Scanning electron microscopy (SEM) is popular and for taxonomy of parasites very important and not substituted method in many times. However sometimes taxonomists have only one specimen and cannot use classical SEM, because their sample (poor conductor) have to be fixed, dehydrated and coated before it can be observed. This method condemns samples for destroying and do not allow other using of it, e.g. for molecular study or depositing as type material in museum. Moreover, the specimen preparation is often long and slow. Environmental scanning electron microscopy (ESEM) brings two main advantages: elimination of speed of sample preparation and non-invasivity.

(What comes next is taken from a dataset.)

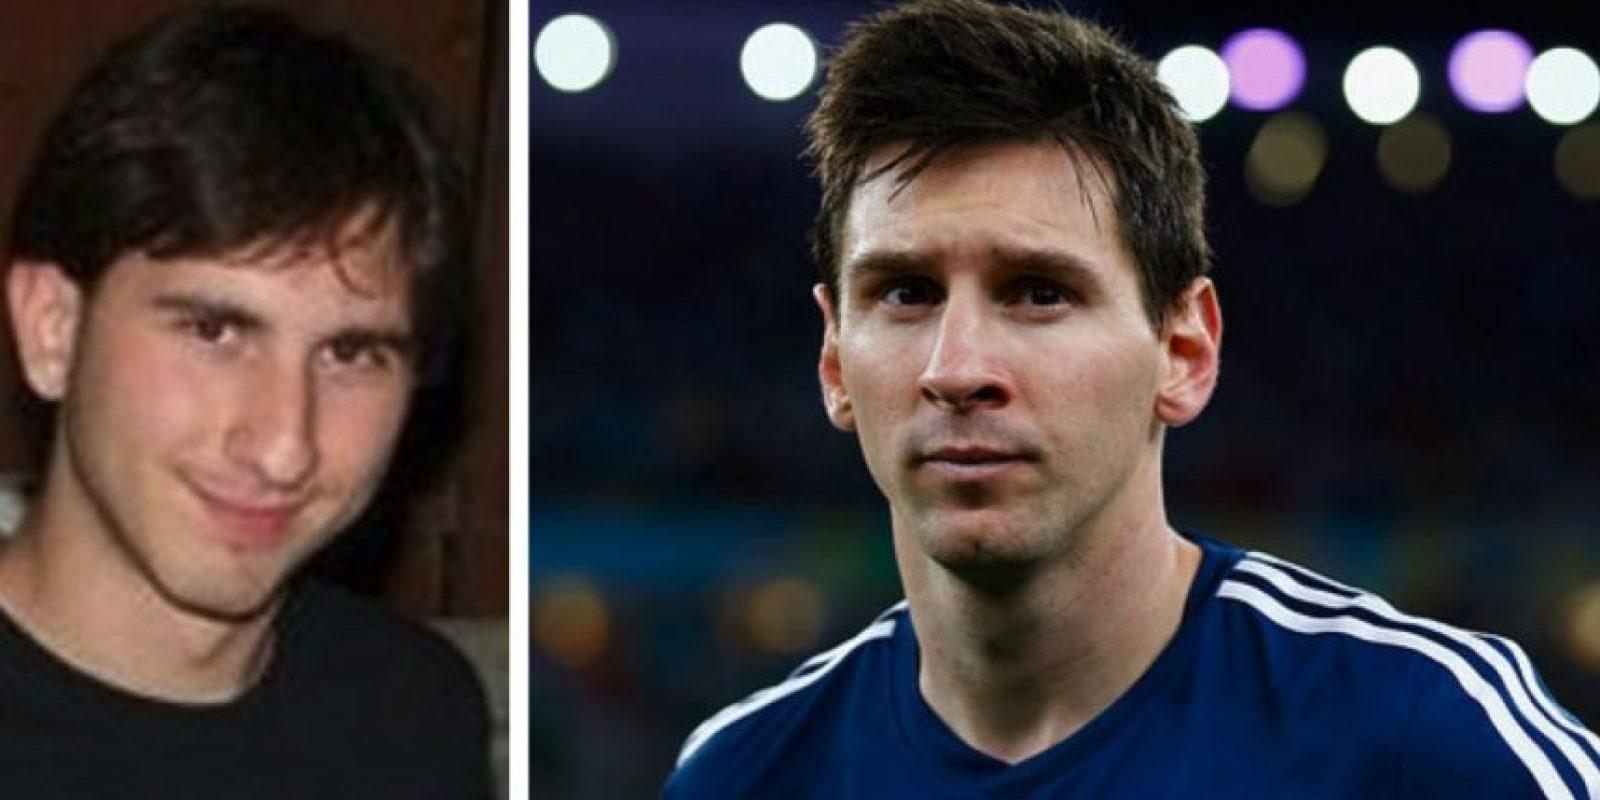 Igual a Lionel Messi Foto: Reddit/Getty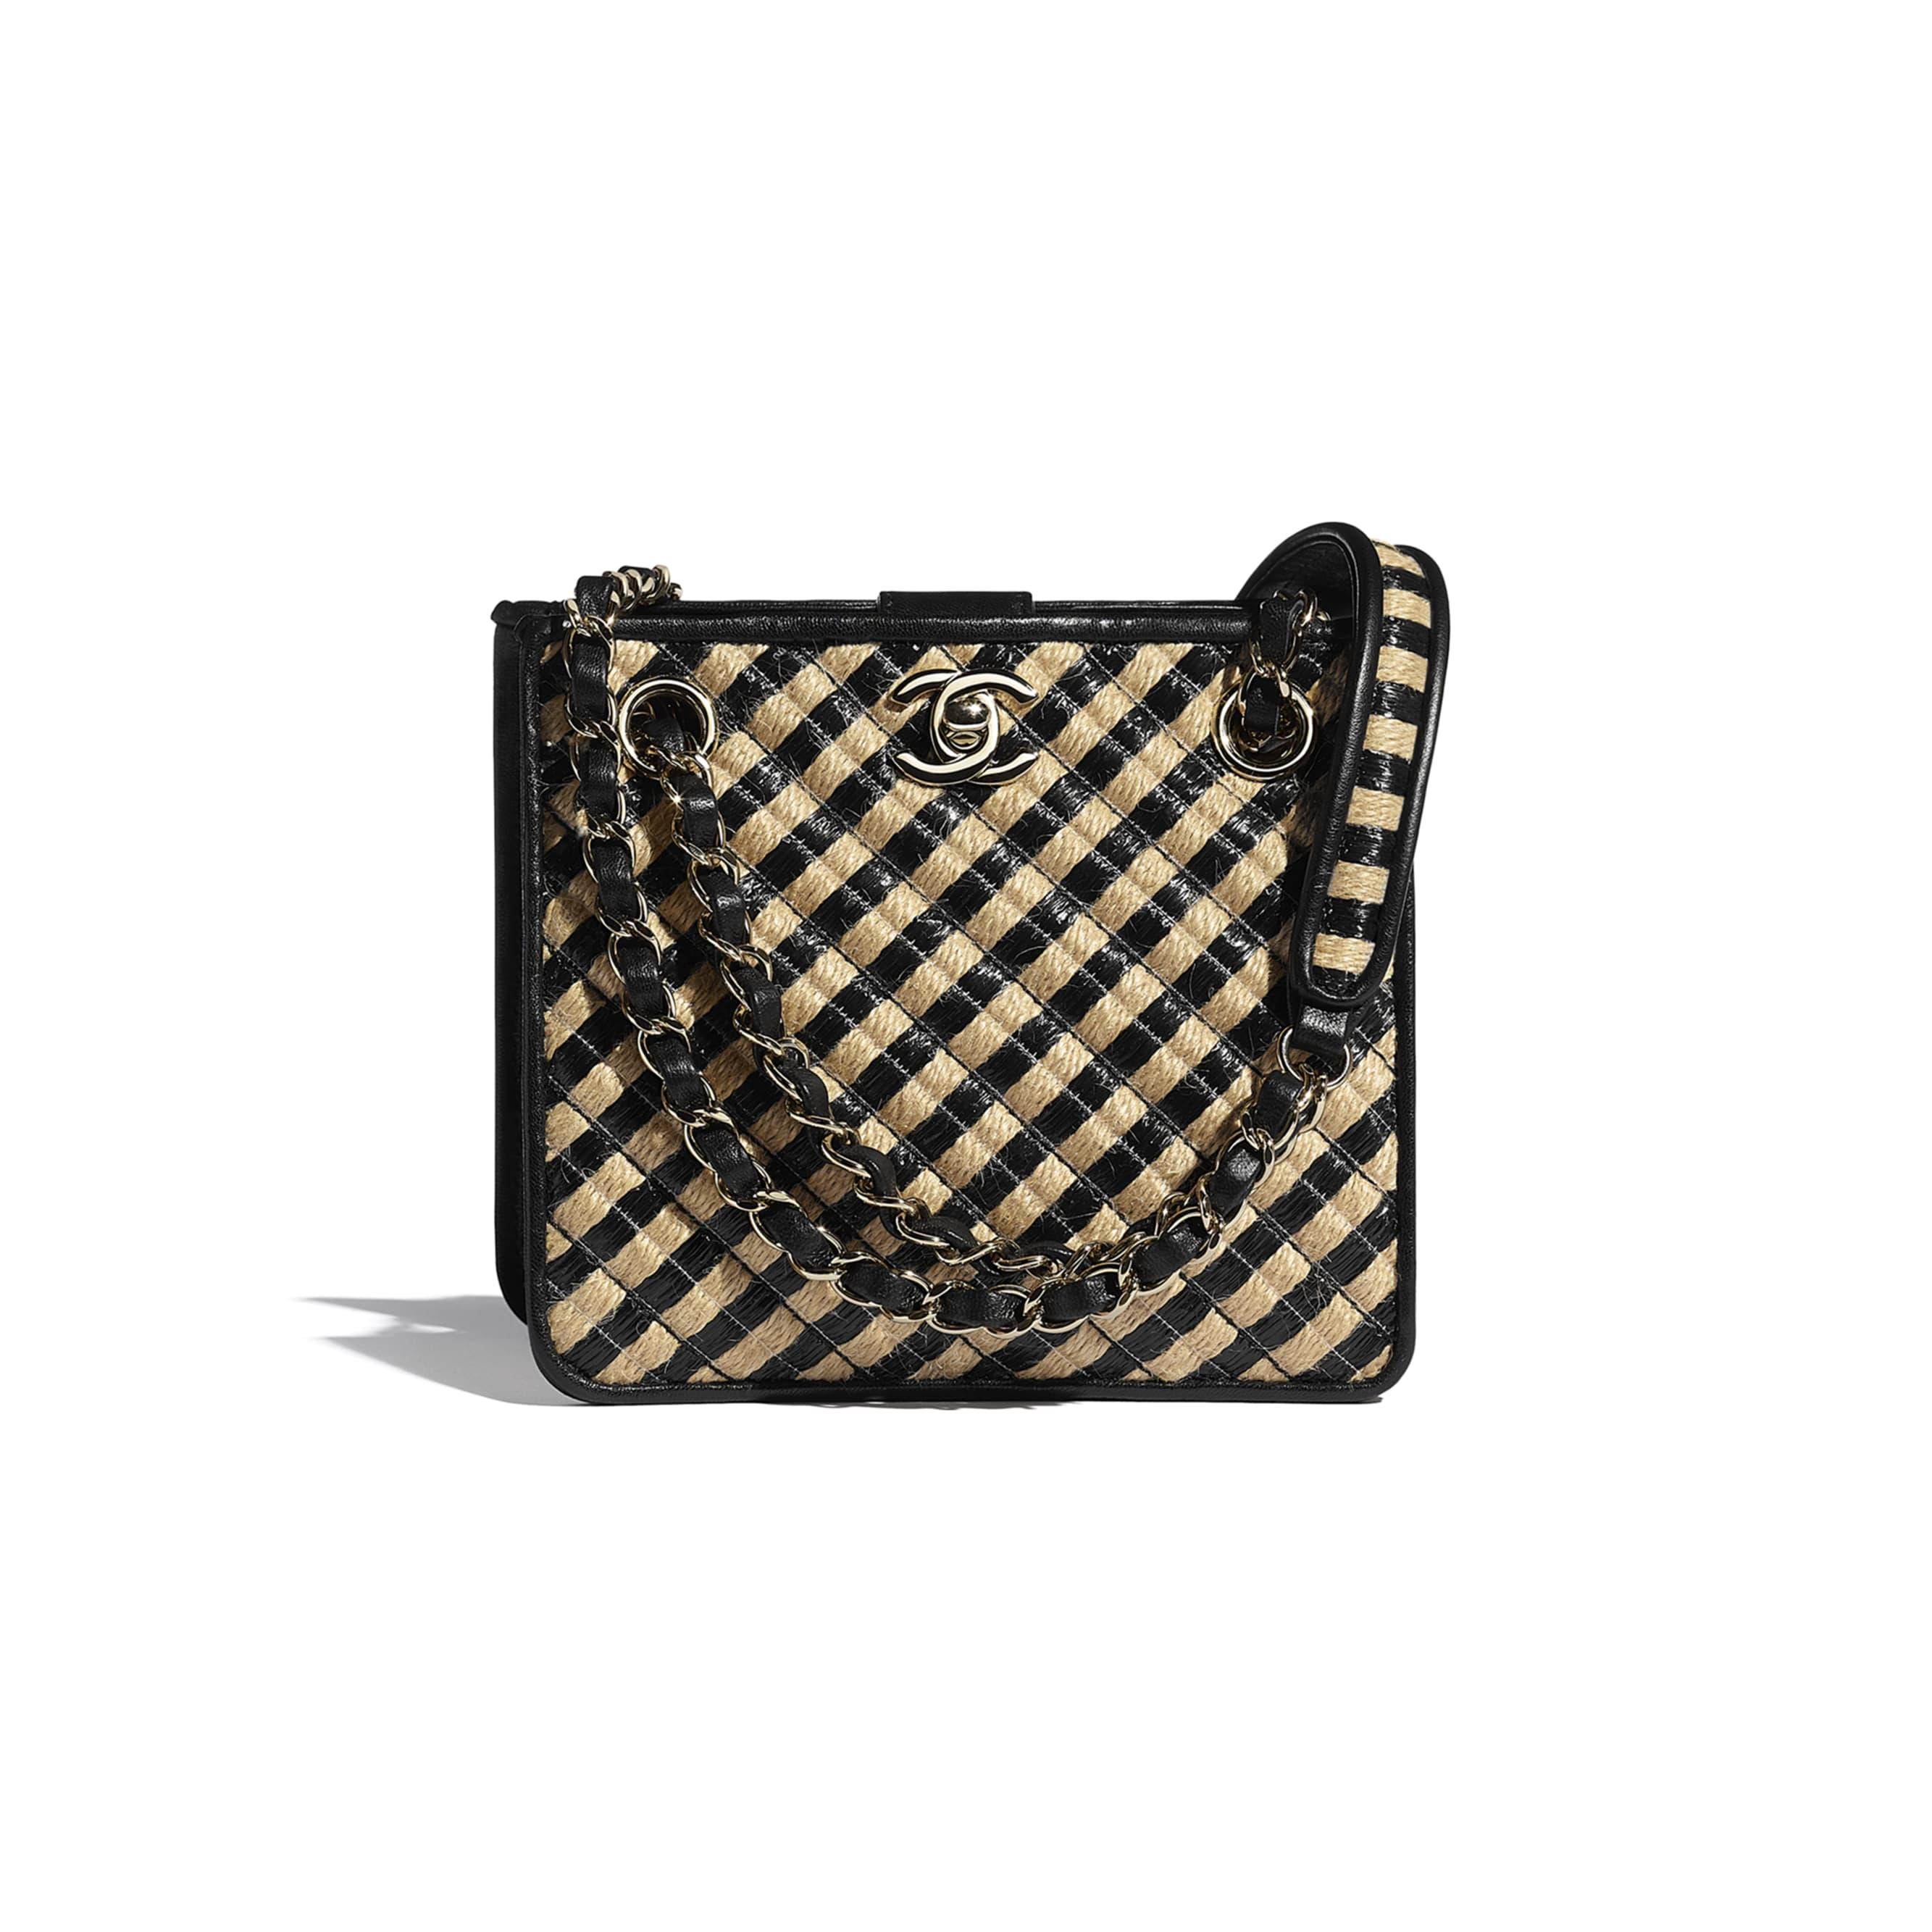 Drawstring Bag - Black & Beige - Raffia, Jute Thread & Gold-Tone Metal - CHANEL - Default view - see standard sized version

We have made ESEM observation on several groups of already fixed parasites in 4% formaldehyde solution or 70% ethanol: crustacean (Ergasilus sp.), nematode (Contracaecum osculatum) and others. Observations were made with the experimental environmental ESEM AQUASEM-II redesigned in the Institute of Scientific Instruments of the Academy of Sciences of the Czech Republic by Ionization and YAG-BSE detectors. The samples were cooled down to 2°C and observed in an high pressure water vapour environment of 650–700 Pa. Samples were placed on a Peltier cooled specimen holder to a drop of water. Consequently the water was slowly evaporated from the sample, see Fig. 1.
Combination of SEM and ESEM techniques brought two slightly different views. Conventional SEM has better contrast, more details in microstructure and resolution, however in specific case, for example at nematodes; it is ESEM almost comparable with SEM. In this study, we showed that ESEM allows the examination of specimens at high pressure conditions without any previous treatment in fully hydrated state and can be used effectively in taxonomical studies of the parasites, where valuable unique specimens sometimes exist.